All that is required is the courage to love it enough.
Many of my repatriate friends are working on groundbreaking programs and initiatives. While they may sometimes be vocal, they are not concerned with self-promotion. Many have been working quietly, under the radar, for months and years on projects they believe in. Each has his or her own unique talent and ability and they are maximizing their potential to unbelievable new heights.

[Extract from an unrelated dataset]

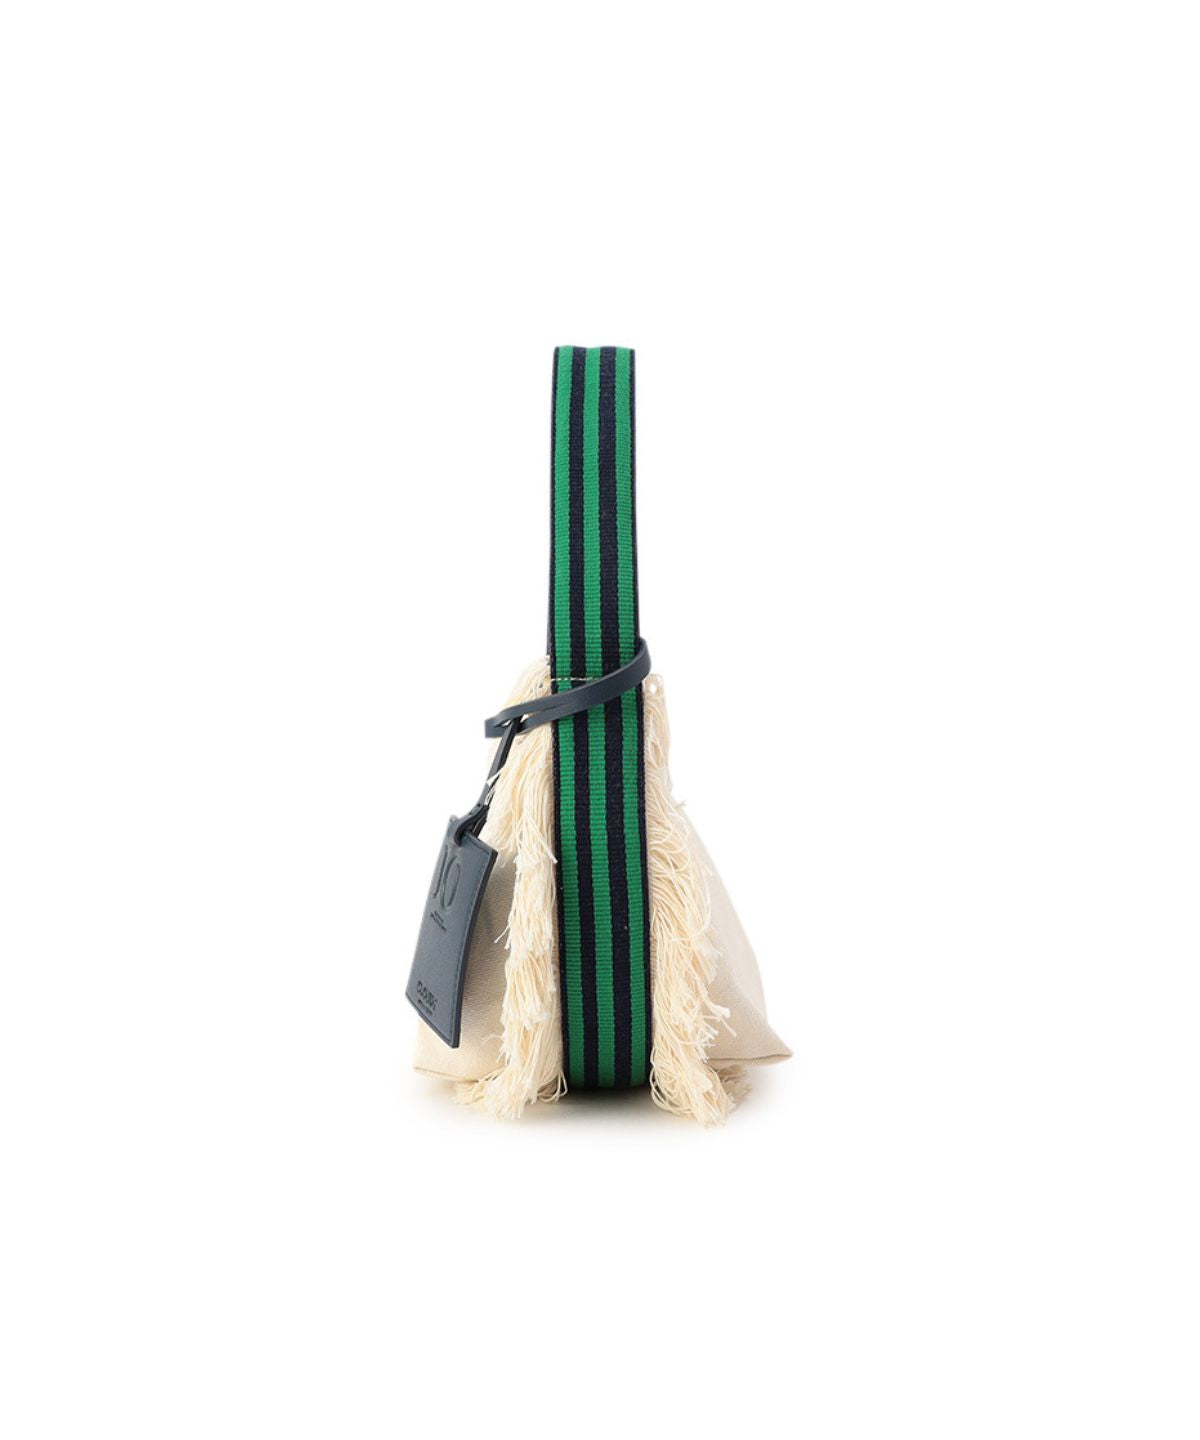 Canvas Kente fringe Bag (Small) NAVY/GREEN

It is an honor and a privilege to know them. They are the pioneers of the movement to repatriate; they are the visionaries who are helping to enact policies that will improve the lives of hundreds of thousands of their compatriots; they are builders, engineers, lawyers, environmental activists, businesspeople, political activists, farmers, advocates for women’s rights, for the disabled, for the poor. They instill hope and promise and they deliver.
There are the two Laras – fearless women who moved to Armenia with their husbands, had babies in Armenian hospitals, who send their children to Armenian schools and live and work with passion, compassion and bravado. They are Diasporan women serving as examples to other women in the homeland who have lost their voice.
There are the Raffis – the husbands of the Laras who are spearheading new programs, developing ideas and helping to create an environment where families can live and work and feel privileged.
There is Nigol and Zabelle and Silva and Kevork who have moved to the homeland, set up businesses and provided employment for people so that they may lead an honorable life by providing for their families.
There is Ivan and Shari, who are new to this roster of repatriates but are already working in different sectors of Armenian society, enacting fundamental change and sparking a new kind of hope.
There is Giro and Salpi and Alex who are not only brilliant but are helping to change the political and social landscape of this country, each in his or her own unique way.
There is Der Ktrij and Yerestgin Paula who help administer our spirits and rekindle our souls.
There is Shakeh who is so brave that her very presence can move you to tears.
And then there are our children, who on a daily basis bear witness to the empowerment of the Motherland.
There are more of us. But there are even more of you. What are you waiting for?
Maria Titizian is a writer and editor, and a repatriate from Canada, who holds the seat of Vice President of Socialist International.